Data from the SPDR Gold Trust (GLD-N), which accounts for around 60 percent of all physical gold held in exchange-traded products tracked by Reuters, showed its holdings are down 5 tonnes so far this quarter, after a 32 tonne rise in the first three months of the year.
Gold prices are on track to post their biggest quarterly drop in nearly four years as the dollar rose 5 percent versus the euro and the Federal Reserve dampened hopes it might further loosen monetary policy.
Holdings of other gold-backed exchange-traded products have so far seen gains this quarter, however. ETPs operated by London-based ETF Securities have so far added 13.2 tonnes of gold, while Zurich Cantonalbank's (ZKB) gold fund has raised its reserves by 2.5 tonnes.

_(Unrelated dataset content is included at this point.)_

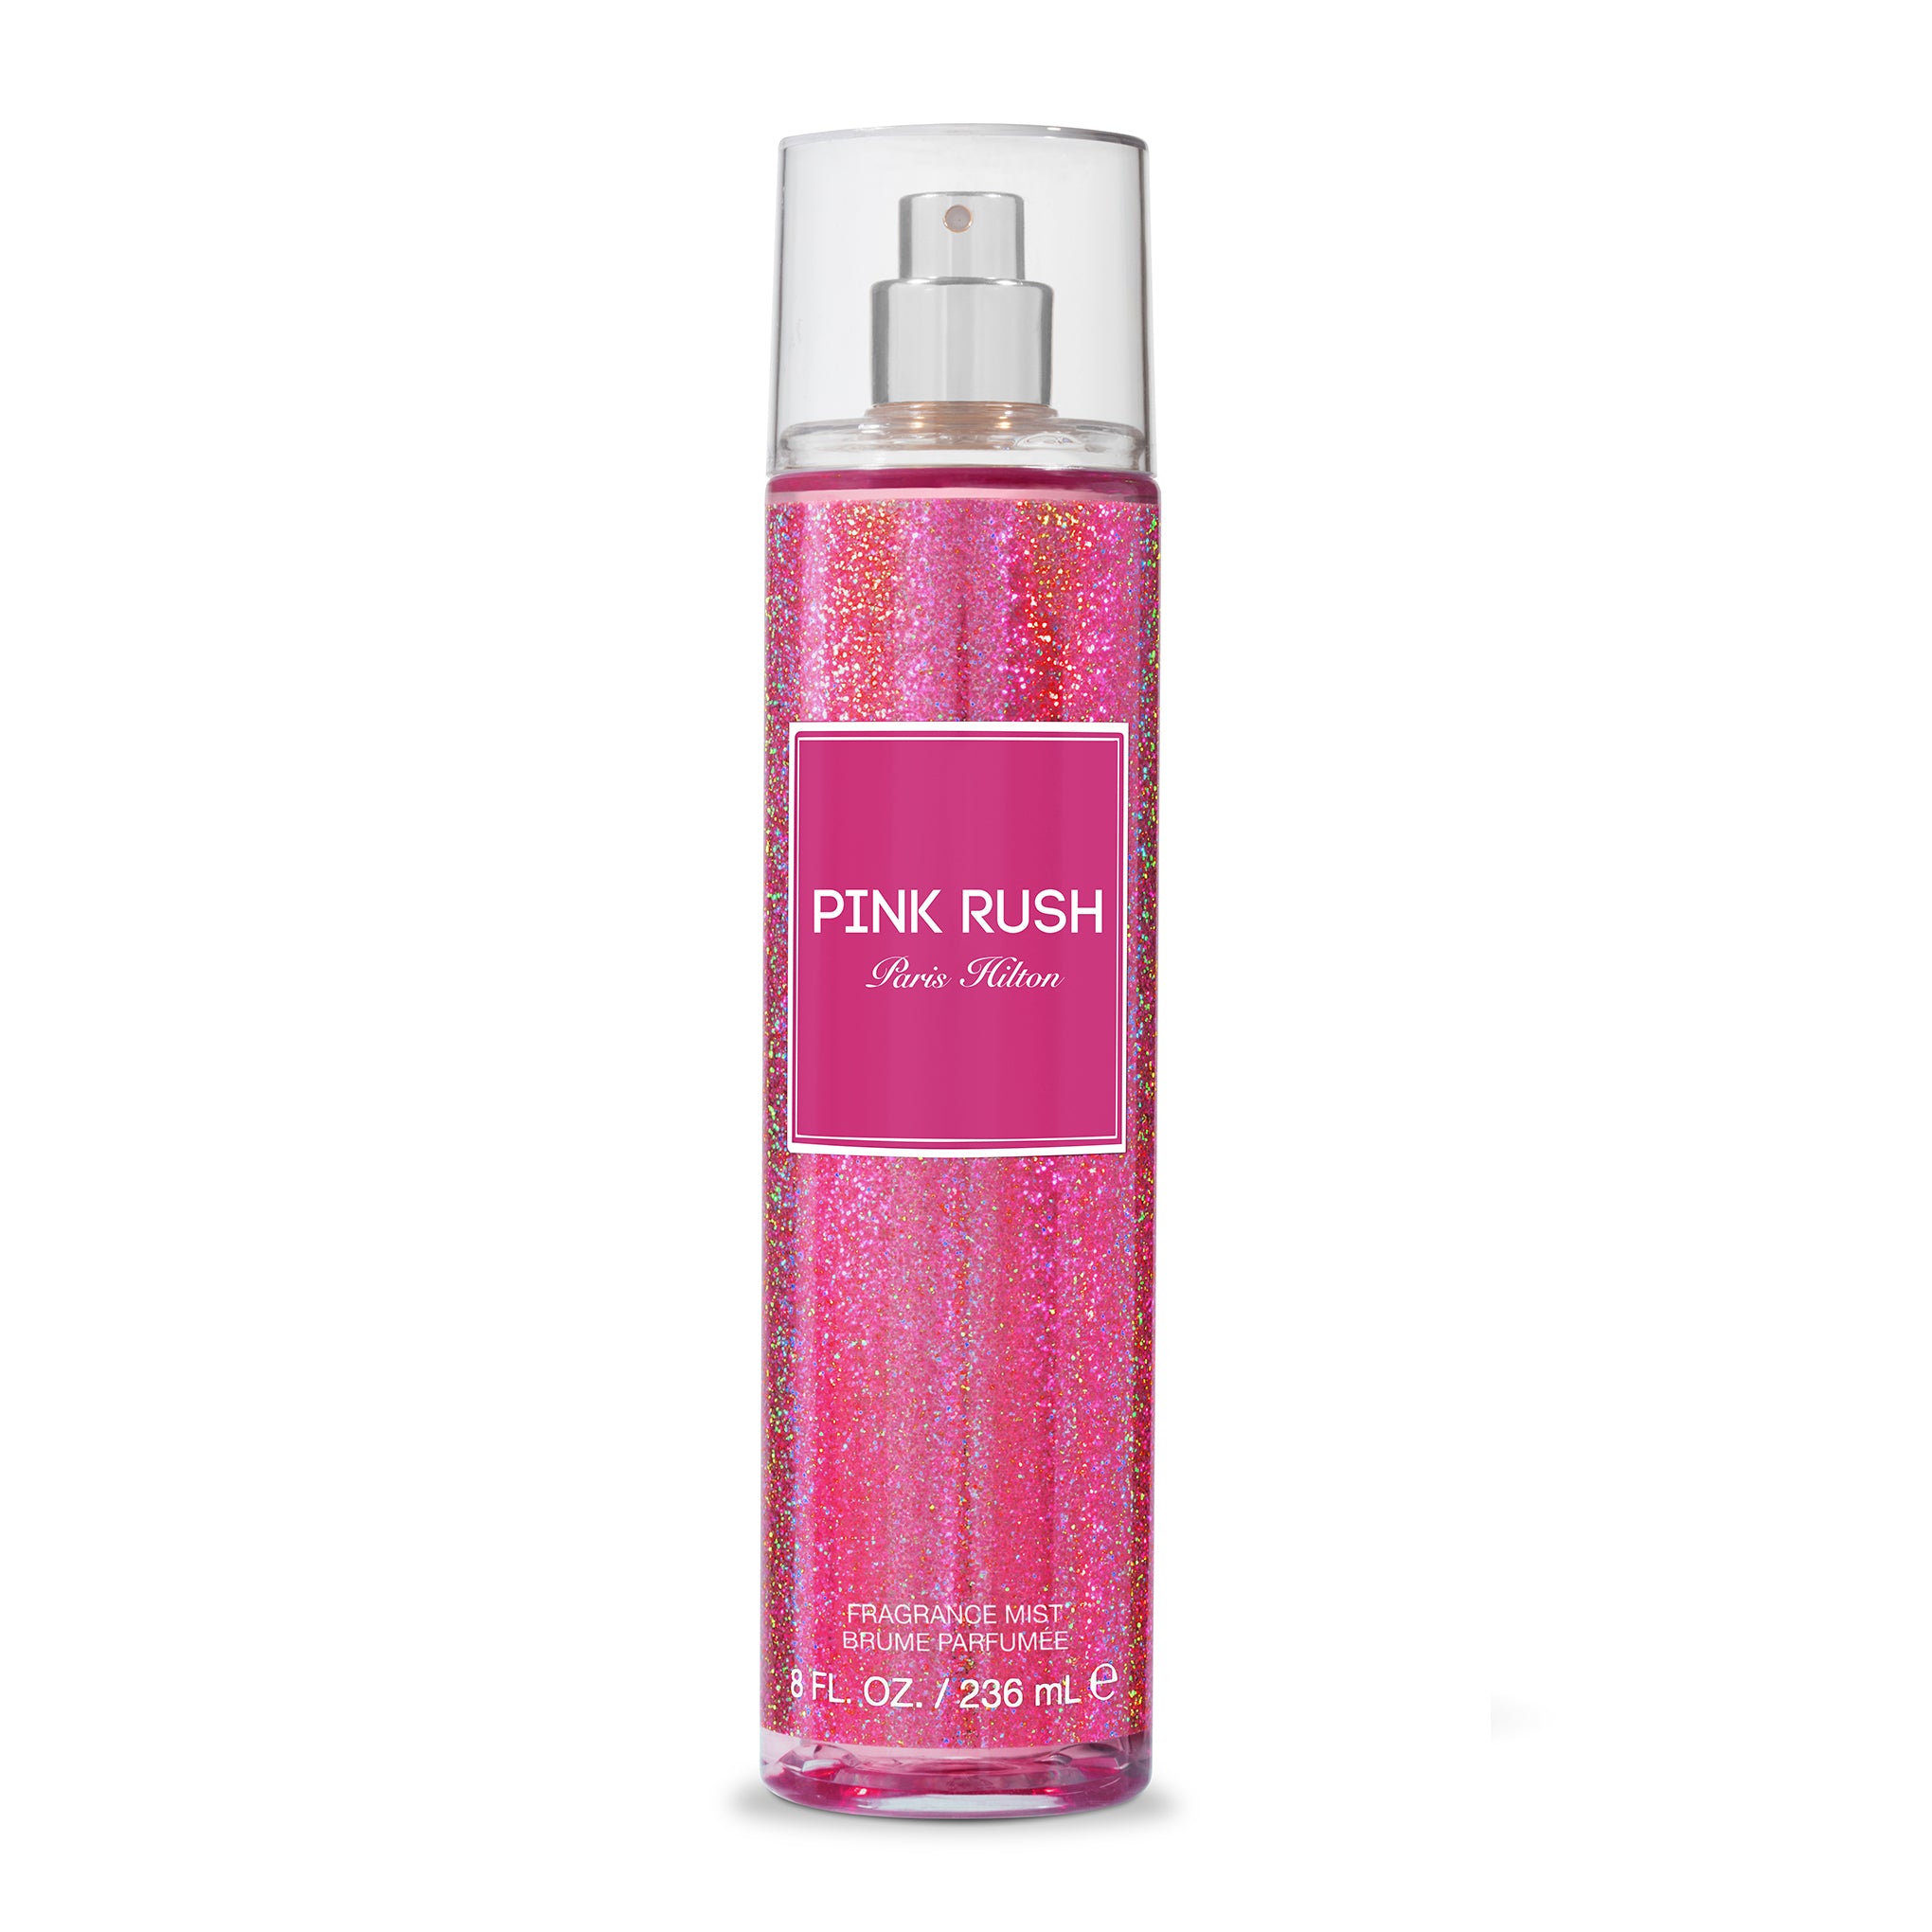 Paris Hilton Pink Rush Body Spray

"U.S. dollar strength has hampered the gold price and has caused shorter-term tactical investors to reduce positions, particularly in the futures market, over the past quarter," ETF Securities' head of research Nicholas Brooks said.
"Most of the investors in our physical gold ETPs have at least a 12-month horizon, and the deterioration of the situation in Europe and the continued questions about the longer-term viability of the euro are causing them to build positions."
ETFs issue securities backed by physical stocks of a given metal and have proved a popular way to invest in gold since the start of the financial crisis. Operators say they offer investors exposure to the underlying metal price without having to store or insure physical bullion.
Among other gold ETFs, IShares' Comex gold fund has so far seen an inflow of 0.8 tonnes, its smallest quarterly rise since its holdings dipped slightly in the first three months of 2010.
Inflows into the largest silver ETF, New York's iShares Silver Trust, have slowed in the second quarter so far to 141 tonnes from 188 tonnes in the first three months of the year.